Минут с пять был я рабом этого чувства; наконец рассудок взял верх, я погрозил Мограби и пошел вперед, но собака все держала меня за платье и тащилась за мною; это наконец рассердило меня, я грозно крикнул: «Пусти, Мограби! Сию минуту пусти!» Он выпустил из зубов мое платье и шел по следам, опустя голову; по временам слышалось, что он воет потихоньку; оглянувшись раза два, я видел, что шерсть его все еще стоит щетиною и что он дрожит всем телом.
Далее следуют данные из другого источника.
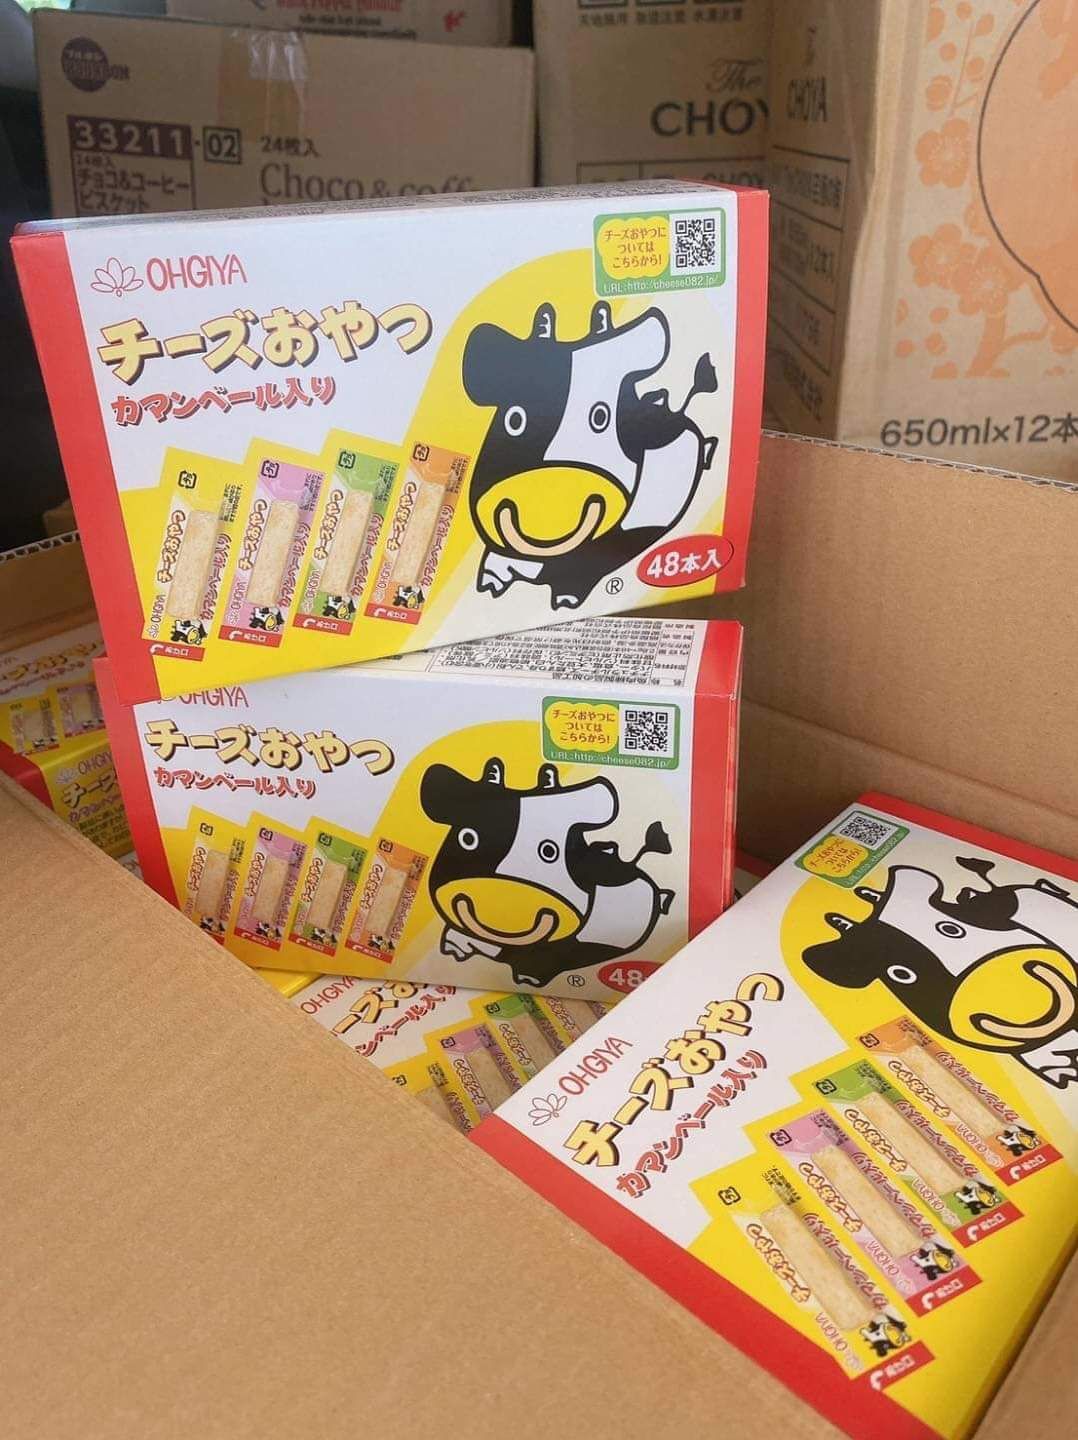 Ohgiya Cheese Sticks โอกิยะ โอกิย่า ชีสสติ๊ก ชีสวัว ชีสเด็ก ชีสทานเล่น ชีสญี่ปุ่น ขนมญี่ปุ่น ขนมติดบ้าน

По мере того, как я подвигался к средине долины, трава становилась ниже, и я наконец увидел то, что с высоты дерева почел хижинами или стогами сена: это были широкие, низкие кусты, посаженные или сами по себе выросшие так, что между ними образовался саженей на полтораста во все стороны совершенно круглый луг. Желая войти в эту природную ограду, я направил туда шаги мои. Мограби начал стонать, однако ж следовал за мною; но когда я дошел до кустов, служивших каймою круглому лугу, Мограби завыл во весь голос, ухватил платье зубами, уперся ногами в землю и так сильно держал меня, что я не мог сделать шагу вперед. В эту самую минуту вышел из-за кустов человек, в котором я, несмотря на темноту, тотчас узнал барона Рейнгофа. Пять или шесть лет нисколько его не переменили: та же бледность, та же пасмурность, суровость, грусть; он не постарел, не потолстел, не подурнел, — одним словом, Рейнгоф, которого я видел шесть лет тому назад, был опять передо мною.